We only display the ones that have the word 'Recipients' in the text, because we know that the table we want, the DAGTIL4, has this in its title.


**$\large \color{lightblue}{Import}$**


In [25]:
# Importing the data from DAGTIL4
Rec_vars = Dst.get_variables(table_id='DAGTIL4')
Rec_vars

# Make the Dataframe
variables_rec = {'OMRÅDE':['*'],'TILSKUDSART':['*'],'BERORT':['*'], 'TID':['*']}
rec_gen= Dst.get_data(table_id = 'DAGTIL4', variables=variables_rec)
rec_gen.sort_values(by=['TID', 'OMRÅDE'], inplace=True)

# Rename the columns
rec_gen = rec_gen.rename(columns={'OMRÅDE':'Municipality','TILSKUDSART':'Subsidy_type','TID':'Year', 'BERORT':'Affected'})


# Importing the data from BY2
By_vars = Dst.get_variables(table_id='BY2')
By_vars

# Make the Dataframe
variables_by = {'KOMK':['*'],'ALDER':['*'], 'KØN':['*'], 'Tid':['*']}
by_gen= Dst.get_data(table_id = 'BY2', variables=variables_by)
by_gen.sort_values(by=['TID', 'KOMK'], inplace=True)

# Rename the columns
by_gen = by_gen.rename(columns={'KOMK':'Municipality','ALDER':'Age','KØN':'Gender', 'TID':'Year'})


**$\large \color{lightblue}{Merge}$** 

In [20]:
one2one = pd.merge(by_gen,rec_gen,on=['Municipality', 'Year'],how='inner') # Merge the two dataframes by Municipality and Year
one2one.head(10)

Unnamed: 0,Municipality,Age,Gender,Year,BYST,INDHOLD_x,Subsidy_type,Affected,INDHOLD_y
0,Ballerup,91 years,Women,2010,Greater Copenhagen Region,27,Subsidy to parents who choose private day-care,Children,12
1,Ballerup,91 years,Women,2010,Greater Copenhagen Region,27,Subsidy to parents who choose private day-care,Families,..
2,Ballerup,91 years,Women,2010,Greater Copenhagen Region,27,Subsidy for day-care of own children,Children,14
3,Ballerup,91 years,Women,2010,Greater Copenhagen Region,27,Subsidy for day-care of own children,Families,13
4,Ballerup,7 years,Men,2010,Greater Copenhagen Region,235,Subsidy to parents who choose private day-care,Children,12
5,Ballerup,7 years,Men,2010,Greater Copenhagen Region,235,Subsidy to parents who choose private day-care,Families,..
6,Ballerup,7 years,Men,2010,Greater Copenhagen Region,235,Subsidy for day-care of own children,Children,14
7,Ballerup,7 years,Men,2010,Greater Copenhagen Region,235,Subsidy for day-care of own children,Families,13
8,Ballerup,86 years,Women,2010,Greater Copenhagen Region,58,Subsidy to parents who choose private day-care,Children,12
9,Ballerup,86 years,Women,2010,Greater Copenhagen Region,58,Subsidy to parents who choose private day-care,Families,..
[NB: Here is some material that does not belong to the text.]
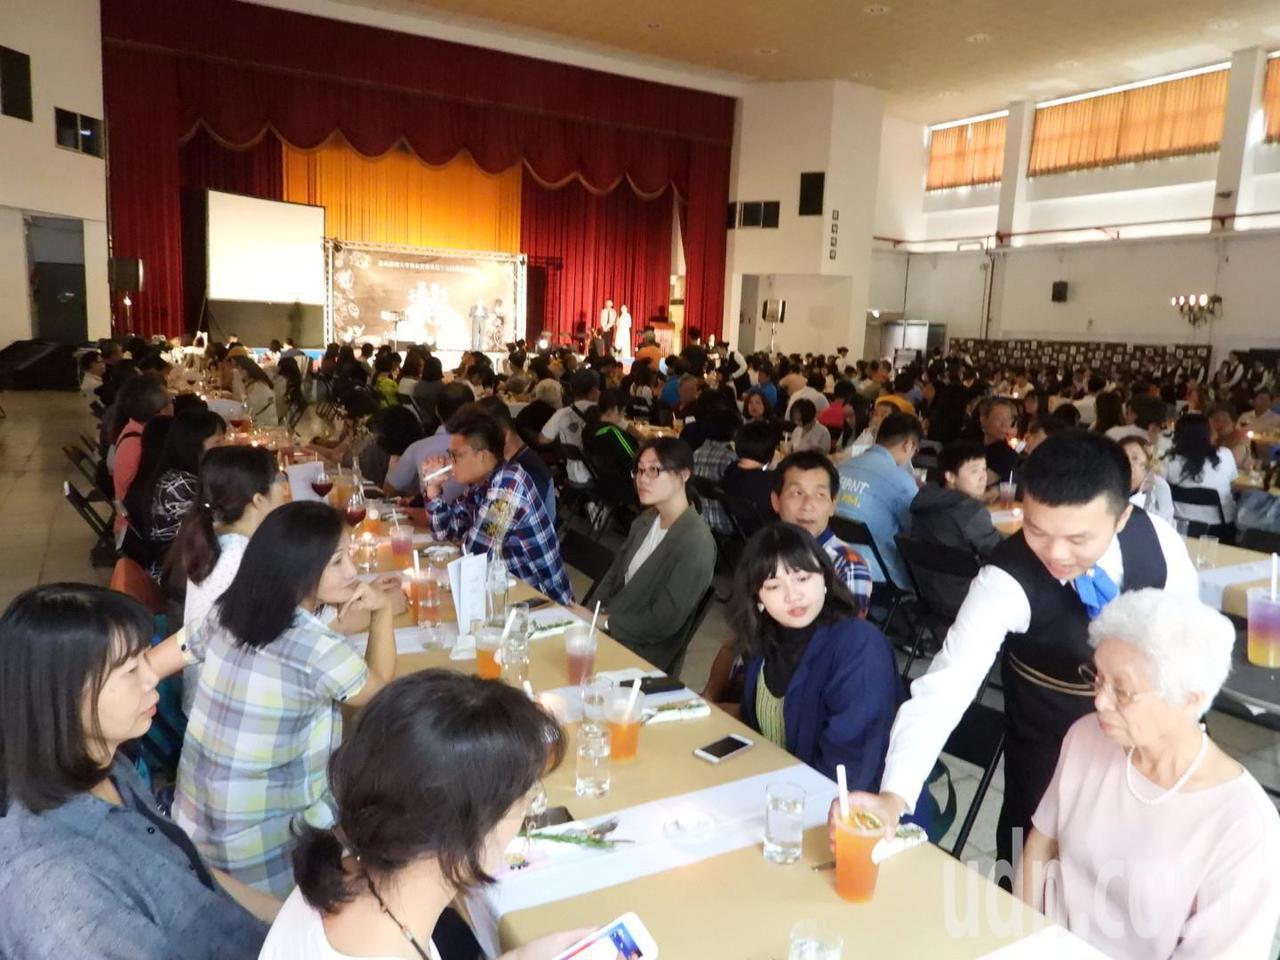 嘉南大學餐旅系今開「永續餐桌」,創意令出席家長驚艷。記者周宗禎/攝影

Now we want to examine each variable

In [5]:
one2one_vars = Dst.get_variables(table_id='one2one')

for id in ['INDIKATOR','SEKTOR','ARBFUNK','FAMTYP']:
     print(id)
     values = one2one_vars.loc[one2one_vars.id == id,['values']].values[0,0]
     for value in values:      
         print(f' id = {value["id"]}, text = {value["text"]}')

# print the first 6 valyes of FAMTYP
# values = Rec_vars.loc[Rec_vars.id == 'FAMTYP',['values']].values[0,0]
# print(values)

## Explore each data set

In order to be able to **explore the raw data**, you may provide **static** and **interactive plots** to show important developments 

Et interaktivt plot hvor man kan klikke rundt mellem kommuner? 

In [23]:
# create a pivot table
one2one_pivot = one2one.pivot_table(index='indikator', columns='Year', values='Affected')

# create a subset of data for Men and Women
men = one2one_pivot.loc['Men']
women = one2one_pivot.loc['Woman']

# create line plots for Men and Women
plt.plot(equ_gen_pivot.columns, men, label='Men', color='blue')
plt.plot(equ_gen_pivot.columns, women, label='Women', color='red')

# create bar plot for Diff
diff = equ_gen_pivot.loc['Diff']
plt.bar(equ_gen_pivot.columns, diff, label='Difference', color='lightblue', alpha=0.5)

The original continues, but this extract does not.